Frustrated, the Gallaher Road resident finally called the Roane County News and reached editor Terri Likens. Likens contacted the Nashville office of the Tennessee Wildlife Resources Agency and was referred to Erin Patrick, a rabies wildlife biologist covering the states of Tennessee and Kentucky for the U.S. Department of Agriculture.
“We first saw the skunk at 9:15 a.m. and by 11:25 the newspaper called Erin Patrick and Knoxville wildlife services. It took them about 45 minutes to get here,” Golliher said. “It’s like nobody in Roane County knew what to do except the newspaper.”
Patrick captured the skunk with a catch pole and took it to her office, where it was euthanized.
“When I got there, he was kind of laying in the weeds on his side. He was alive but definitely lethargic. He didn’t even spray me,” she said.

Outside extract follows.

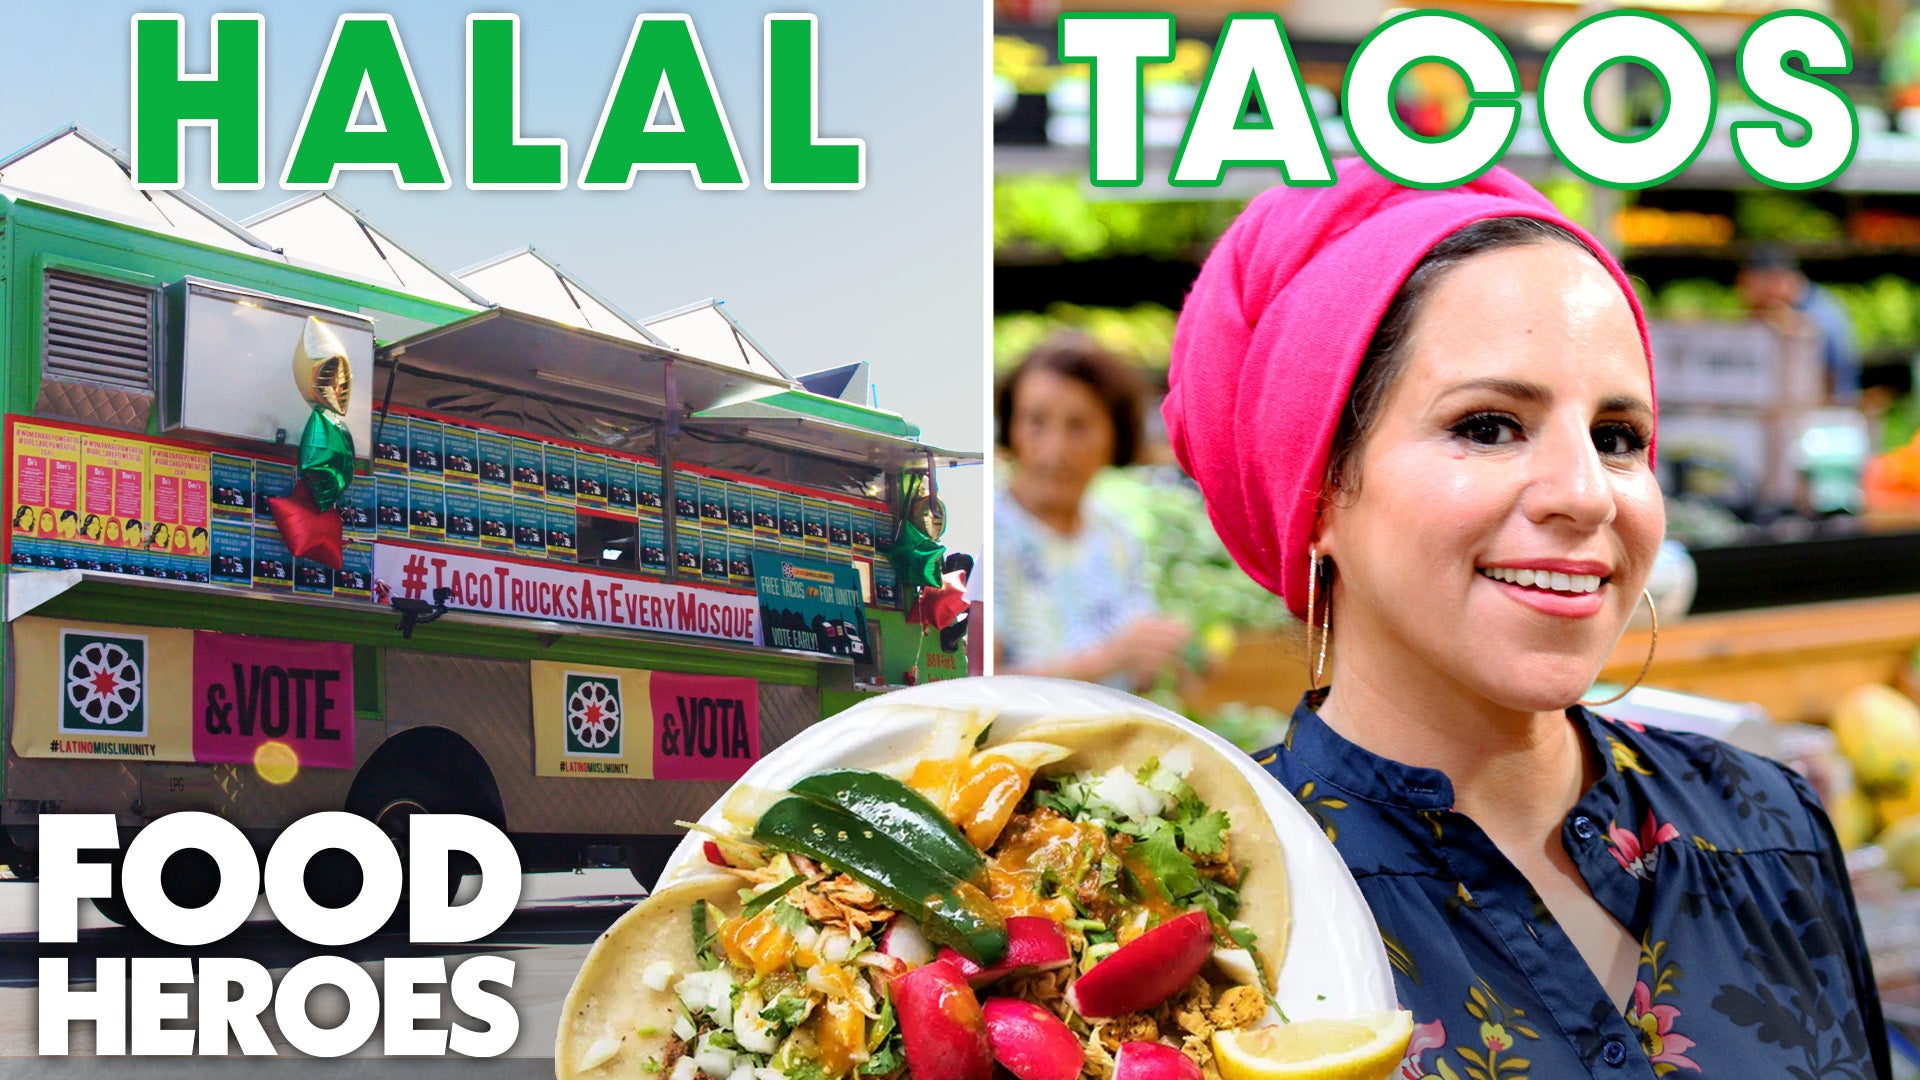 The Halal Taco Truck Uniting Muslim and Latino Communities

Patrick said Thursday the animal had been tested and was negative for rabies.
“We haven’t had any cases of rabies this year, at all, in Roane County,” Patrick said.
Earlier in the week, she predicted as much.
“I don’t expect this one to test positive, but you never know. It could be a lot of different things. It could’ve been hit by a car, or it could’ve been poisoned.”
Working in conjunction with local health departments, Patrick’s office does random testing of foxes, coyotes, raccoons and skunks. She said no documented cases of raccoon-variant rabies, the type that wildlife biologists are most concerned about, have been found in Roane County.
“When it does come into an area, we see a huge spike in rabies cases,” Patrick said. “It’s happened in North Carolina before.”
Patrick said dead animals suspected of being rabid can be dropped off at the Roane County Animal Shelter, where it will be put into a freezer to be picked up every couple of weeks by wildlife biologists from the USDA.
Concerned citizens may contact Patrick at 588-0299.
Testing at her office is only for animals that have not been in contact with humans or domestic animals.
For cases in which people or pets have been exposed to a sick animal, Patrick said the local health department should be notified immediately.
Laura Conner, director of the Roane County Health Department, said concerned citizens should call animal control at 354-7387 if a domestic or wild animal is suspected to have rabies and is on the loose.
If there is no answer or it is after the close of normal business hours, callers should dial 354-8045 for non-emergency central dispatch.
In the event that someone has been bitten, scratched or might have come into contact with a rabid animal, they should immediately call Conner’s office at 354-1220.
Conner said the health department is not equipped to capture a live animal.
However, once an animal is dead, an environmentalist from the health department can come out and retrieve the carcass to send it off for laboratory testing.
“If there is any kind of human exposure at all, please let us know,” Conner said.